De l'extérieur, le camp semblait un banal poste militaire entouré d'un haut mur de briques. Des tours de garde bordaient l'ensemble. À l'entrée, sur le portail noir (cf. image ci-dessous), on peut aujourd'hui encore, lire l'inscription suivante : (de) Arbeit Macht Frei; le travail rend libre. Mais le but ultime de cette opération nazi était la mort. S'y trouvaient en garnison un corps de SS ainsi que des agents de la Gestapo. Les prisonniers étaient entassés dans des baraquements (il y avait 34 baraques), chacune devant contenir 208 prisonniers, mais, du fait du surentassement, au moment de l'arrivée des soldats américains, certains baraquements contenaient 1 600 détenus dont la plupart dans un état cadavérique, ne portant que la peau sur les os. Le camp reçut ainsi plus de 200 000 prisonniers venus de plus de 30 pays. Ils étaient confrontés à l'enfer : travaux forcés dans les pires conditions (froid, chaleur, etc.), sévices sur le corps, manques insaisissables de nourritures, manque d'hygiène, suicides forcés,...

En juin 1944, un premier convoi de plusieurs centaines de Français arriva à Dachau. Le 2 juillet 1944, un convoi partit de Compiègne avec plus de 2 000 détenus : à son arrivée, le 5 juillet, il y avait plusieurs centaines de morts.[1]

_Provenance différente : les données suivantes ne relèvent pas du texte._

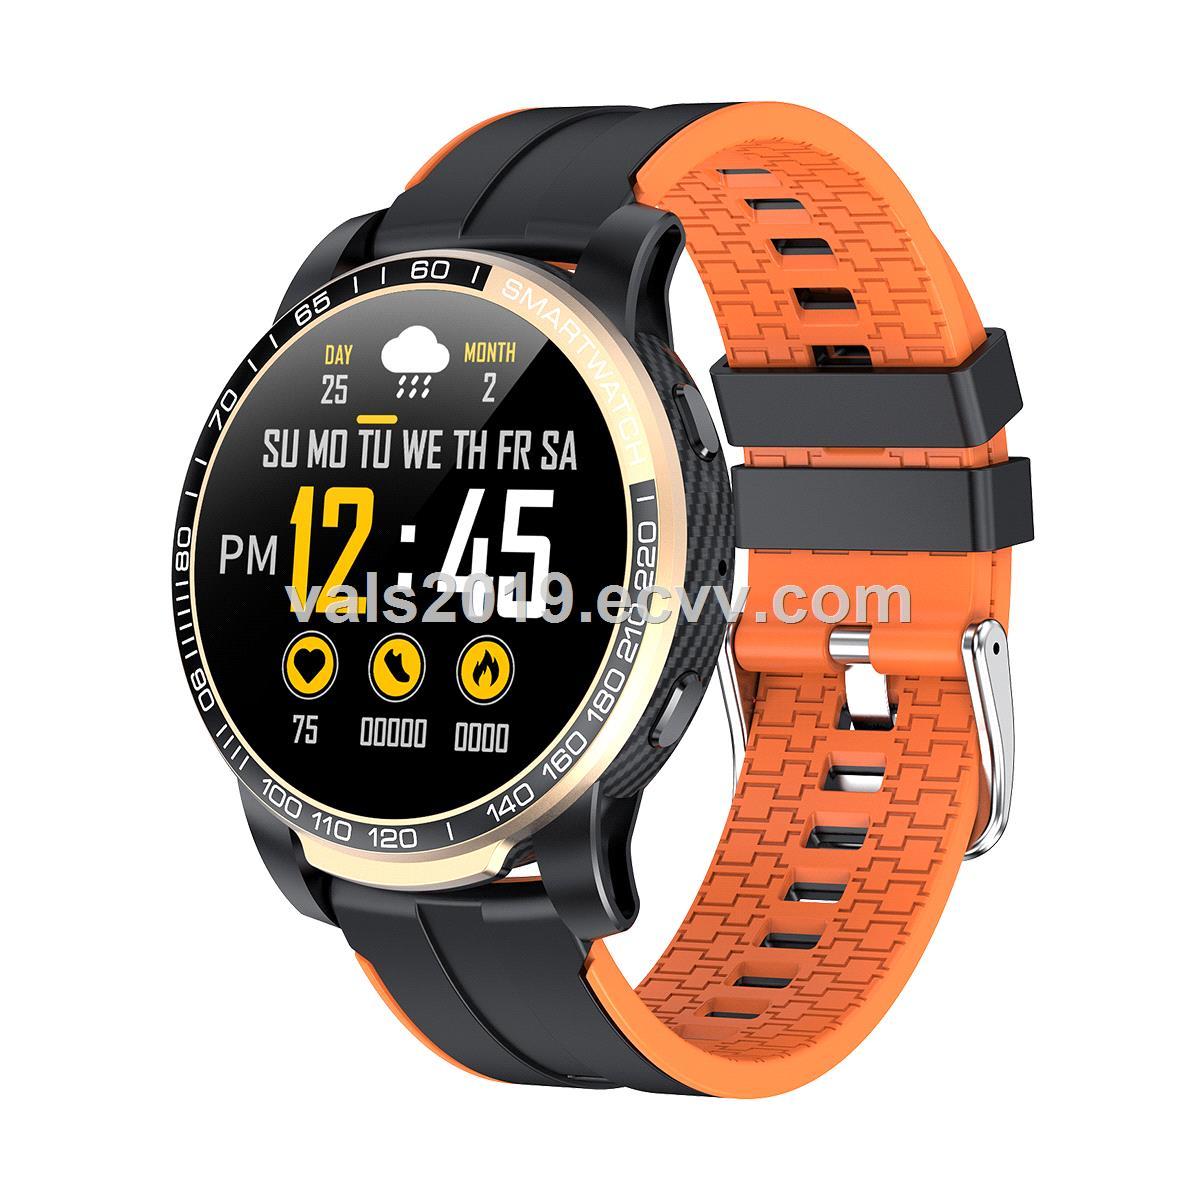 new smartwatchHeart rate ECGBlood pressureblood oxygenpedometerAlipayStop watchBluetooth smartwatch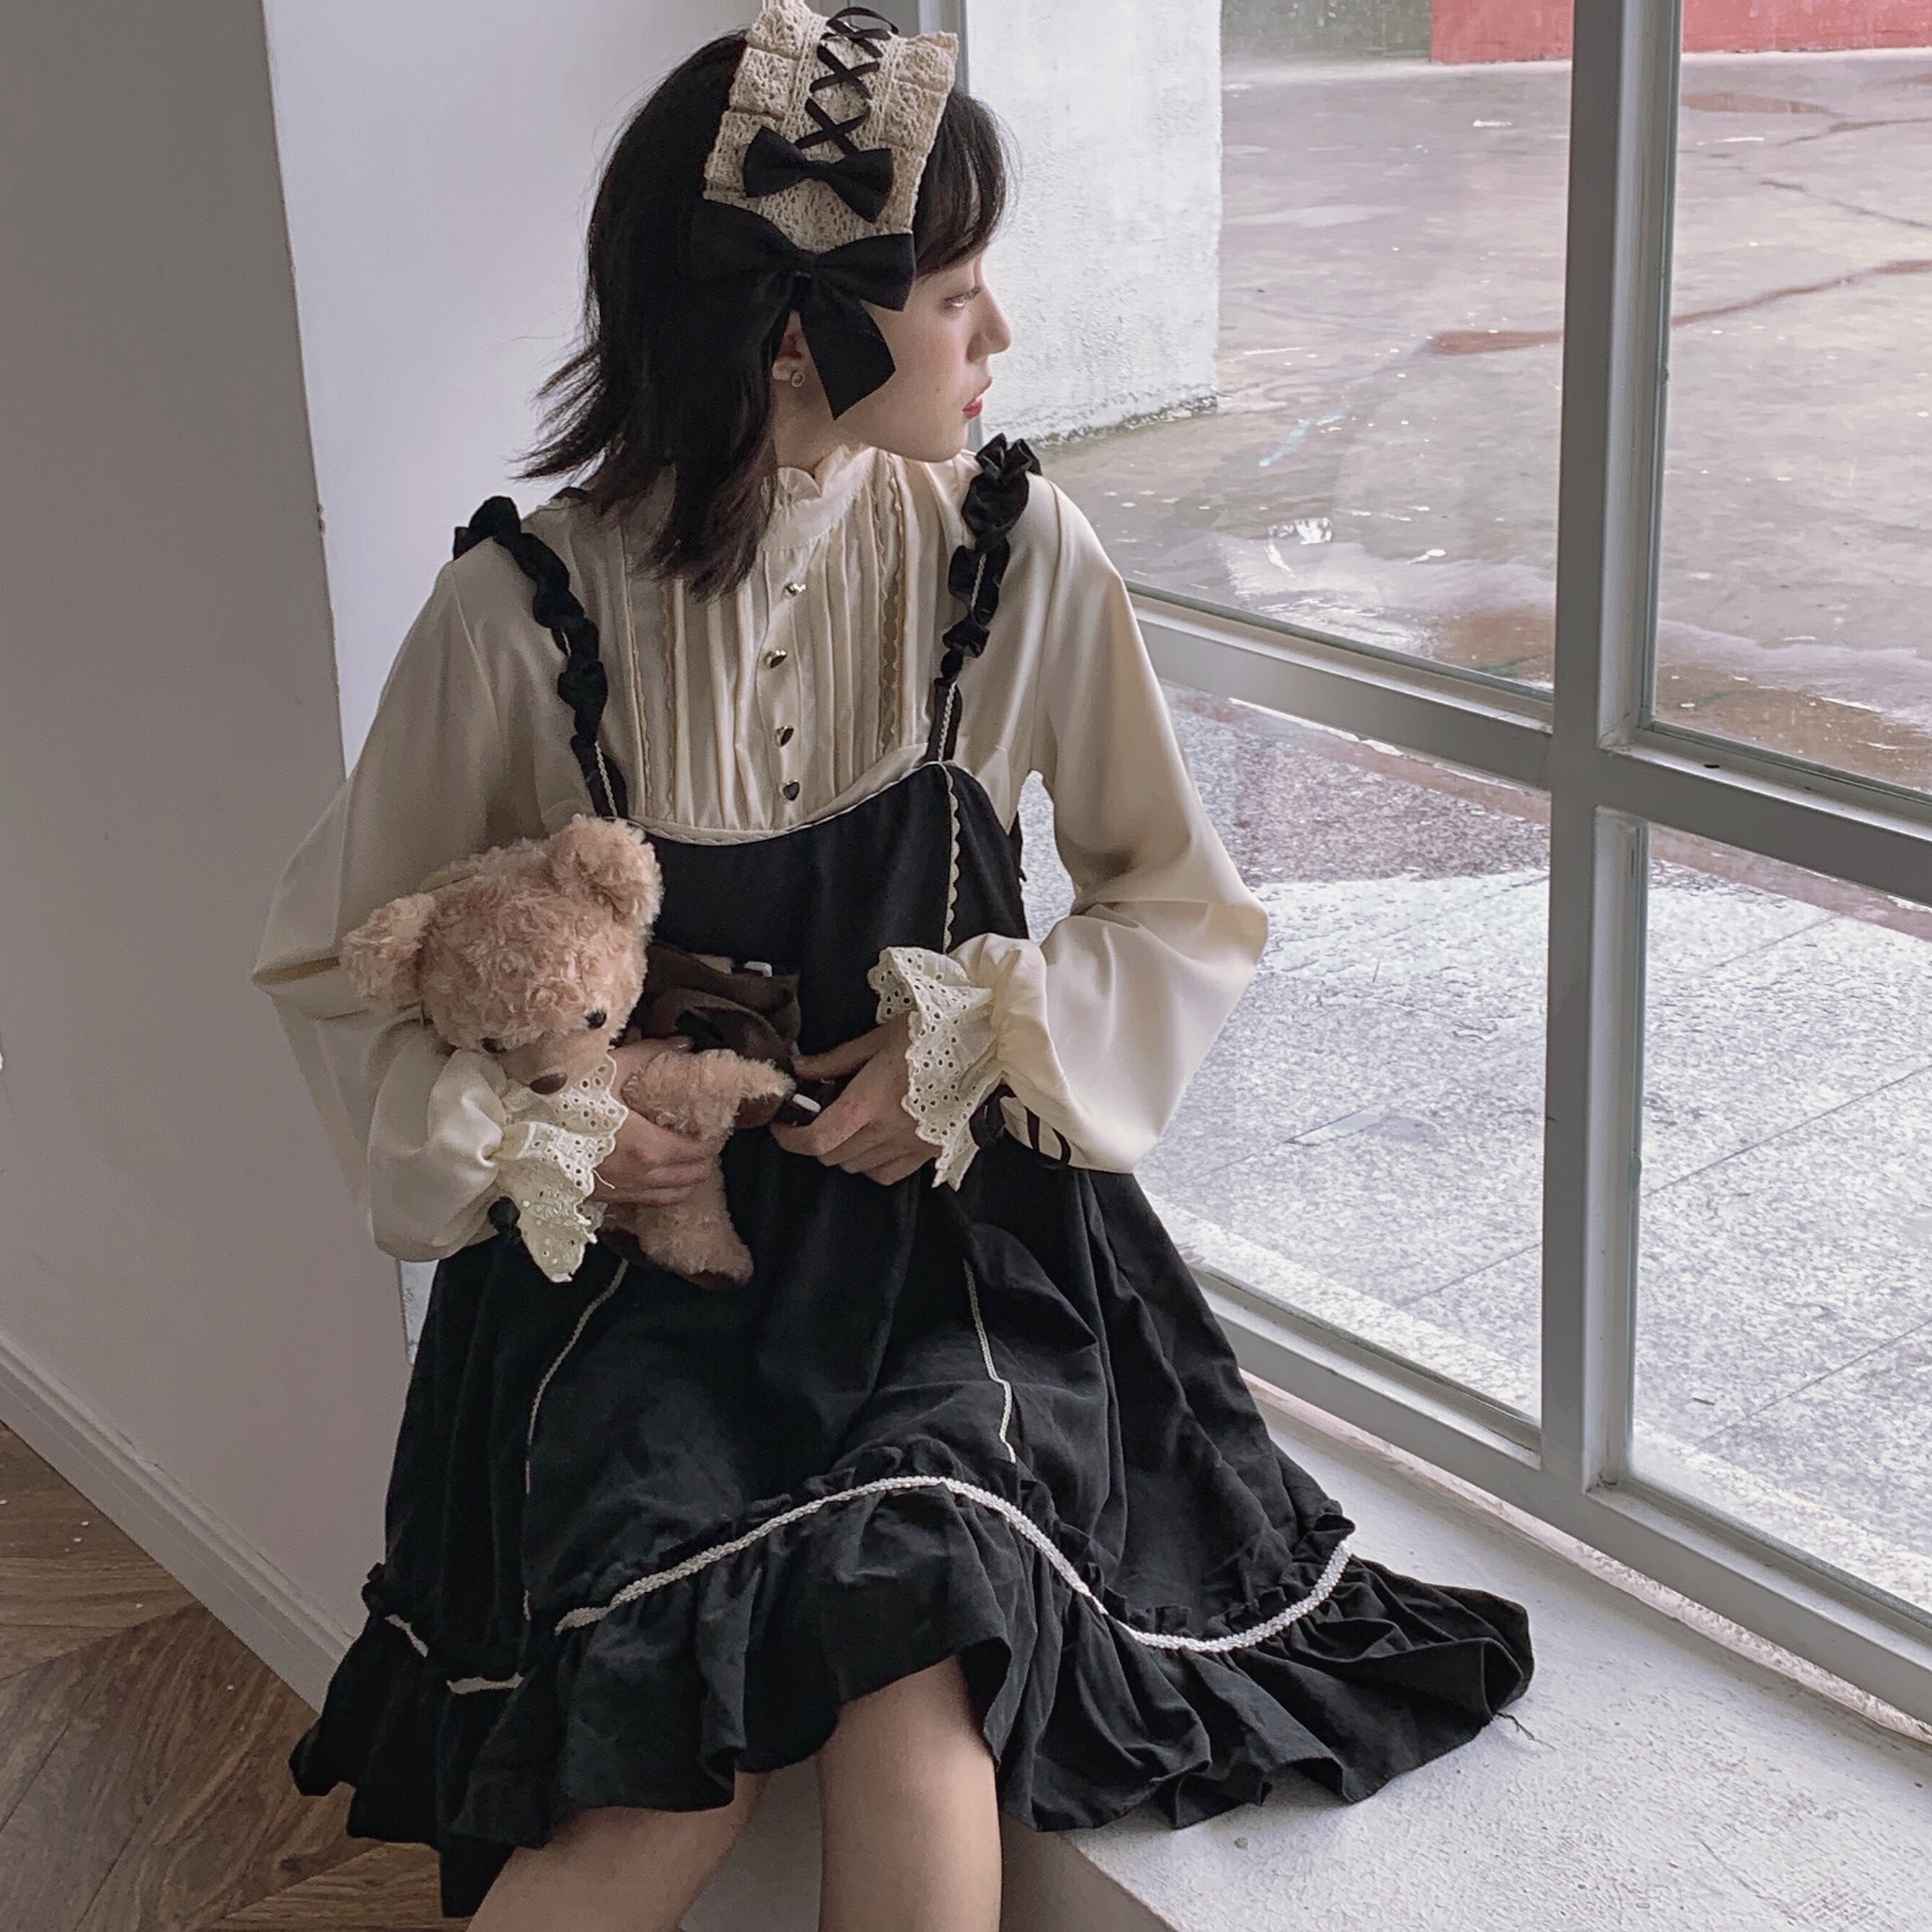 aWomen Lolita Style Party Dresses Japanese Korean Harajuku Gothic Bandage Bow Patchwork Girl Cosplay Dress Kawaii Ruffles Dress

Selon les enregistrements répertoriés, plus de 30 000 personnes périrent dans le camp même. En 1945, une épidémie de typhus se déclara, entraînant de nombreux décès, dont celui de René Carmille, le 25 janvier 1945. C'est à cette époque qu'une chambre à gaz fut adjointe, bien qu'il n'ait jamais été prouvé qu'elle fut utilisée. Les malades et les inutiles étaient plutôt transférés au sinistre château de Hartheim, où des milliers furent assassinés au gaz. À l'intérieur du camp, se trouvait une station expérimentale dirigée par le docteur Sigmund Rascher où des médicaments furent expérimentés sur les prisonniers, notamment pour tester leur résistance à la maladie. De plus, de nombreux prisonniers furent transférés vers d'autres camps afin d'éviter la trop forte densité, génératrice de l'extension de l'épidémie.

Camp de Dachau

Camp de Dachau

Les prisonniers vivaient dans des lits superposés et ils se battaient pour avoir les lits supérieurs afin de ne pas recevoir les excréments qui suintaient vers le bas. Ceux qui essayaient de s'échapper et qui étaient repris subissaient un traitement spécial de punition dans un cantonnement tenu par les SS et la Gestapo avec pratique de la torture. Ces traitements aboutissaient souvent à la mort. Lors de l'épidémie de typhus, de nombreux corps furent jetés dans les fosses communes.

Les Allemands pénétraient peu dans les lieux et l'état-major restait cantonné à la Kommandatur. La discipline était faite par les Kapos qui étaient choisis par les Allemands parmi les plus pervers des prisonniers. La hiérarchie entre prisonniers s'établissait de façon animale, les plus faibles étant rejetés dans les lits du dessous. Leur durée de vie était évidemment courte, vu les mauvaises conditions d'hygiène.